DATA TO EXAMINE –

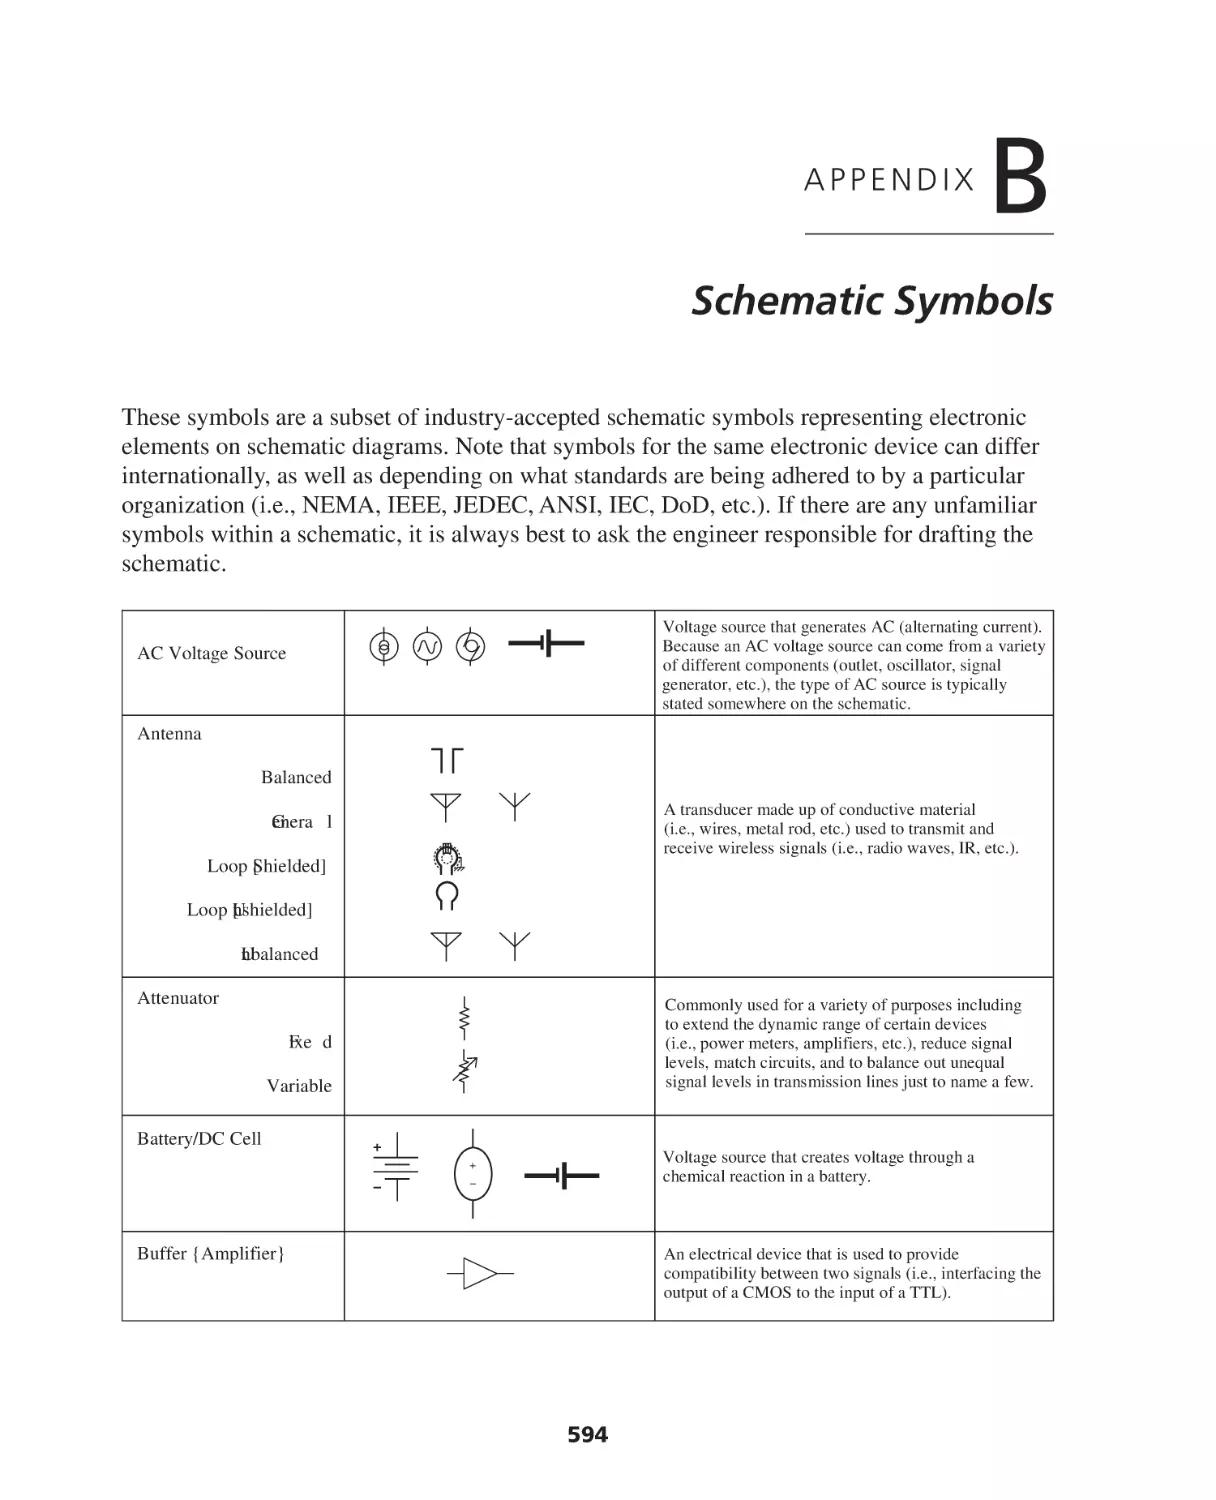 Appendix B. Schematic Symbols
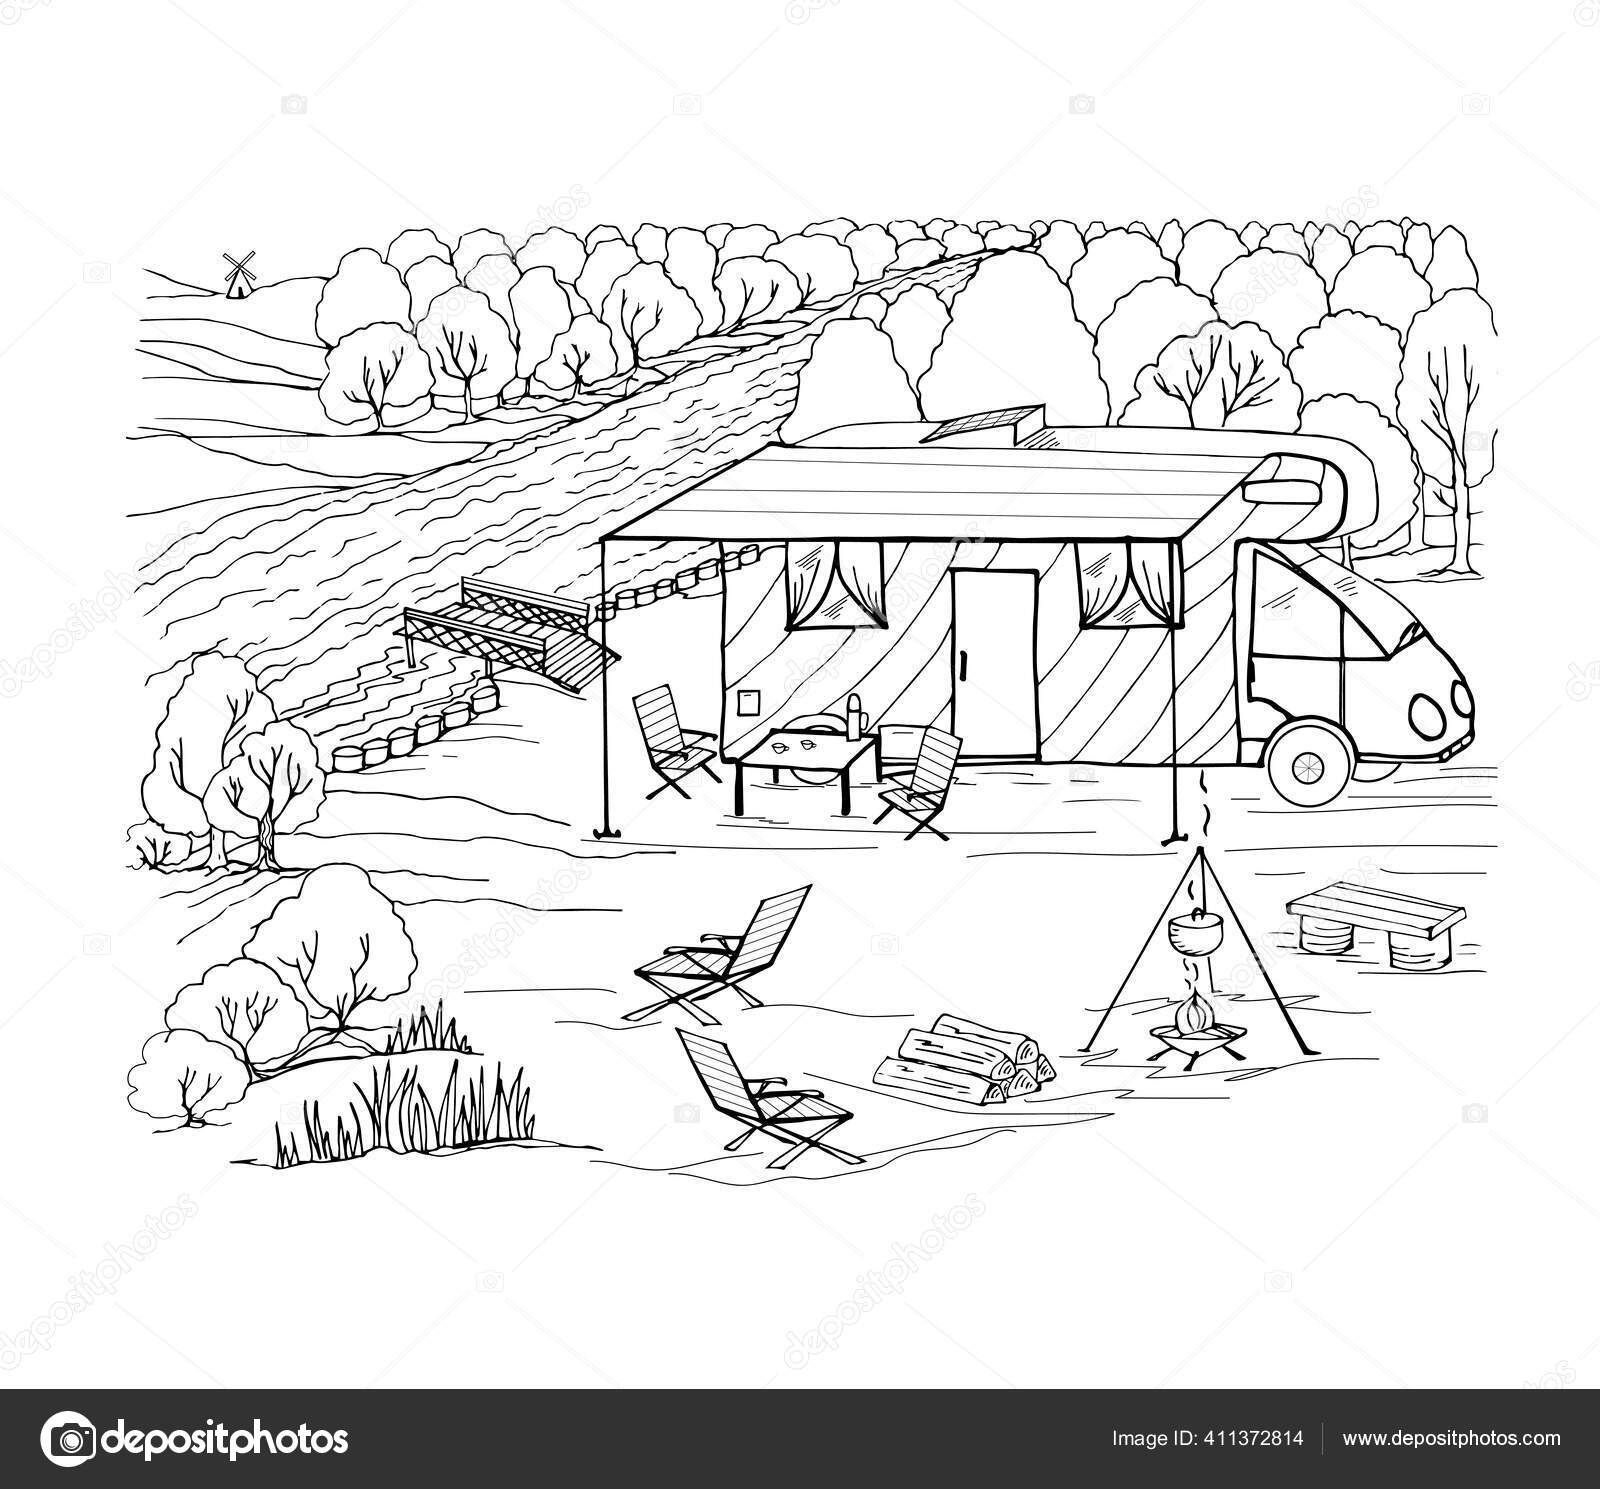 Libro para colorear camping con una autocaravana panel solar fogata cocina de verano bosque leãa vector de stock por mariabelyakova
--
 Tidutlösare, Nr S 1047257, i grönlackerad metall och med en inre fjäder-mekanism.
==
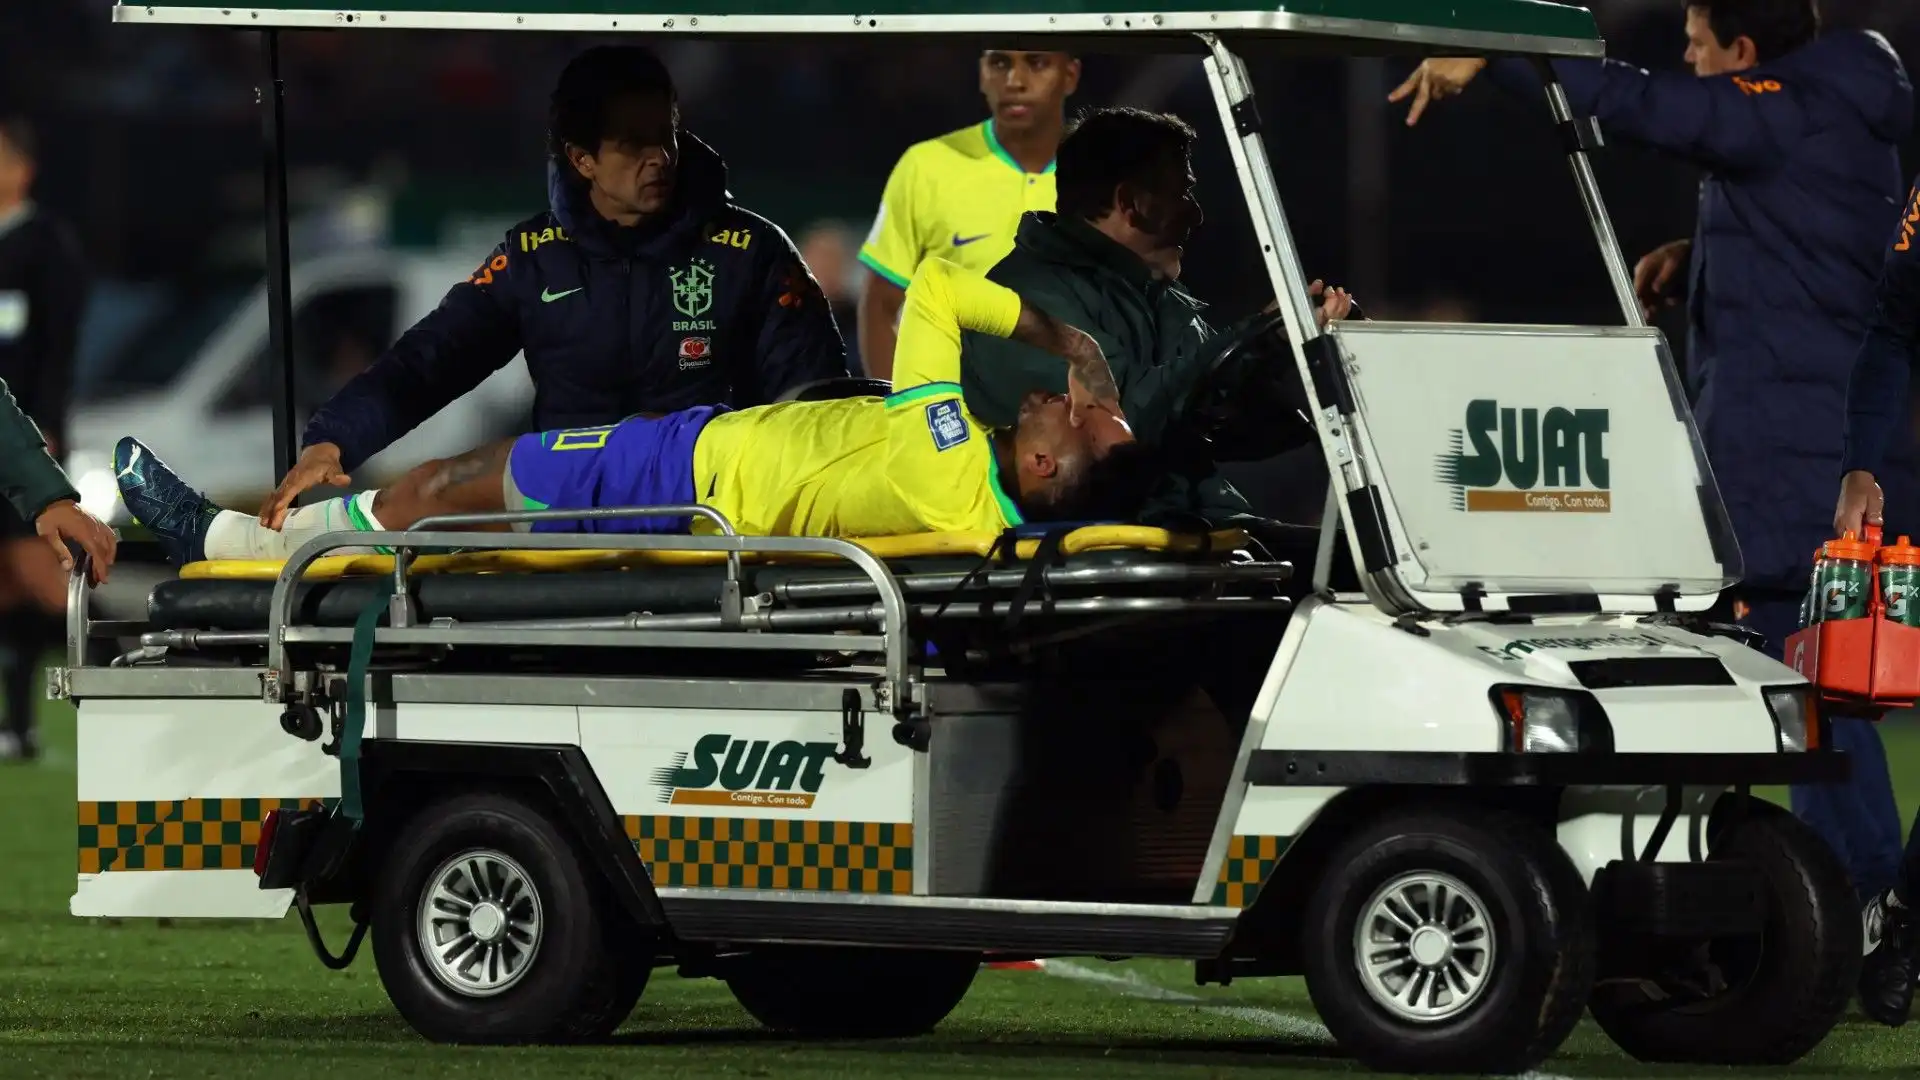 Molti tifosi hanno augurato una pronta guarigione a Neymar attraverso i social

WHAT IS REQUIRED – With the pictures omitted, copy exactly the lines of the listing above starting at the line containing "Appendix B. Schematic Symbols" and ending at the line containing "Libro para colorear", both included.

RESULT OF THE TASK –
 Appendix B. Schematic Symbols
 Libro para colorear camping con una autocaravana panel solar fogata cocina de verano bosque leãa vector de stock por mariabelyakova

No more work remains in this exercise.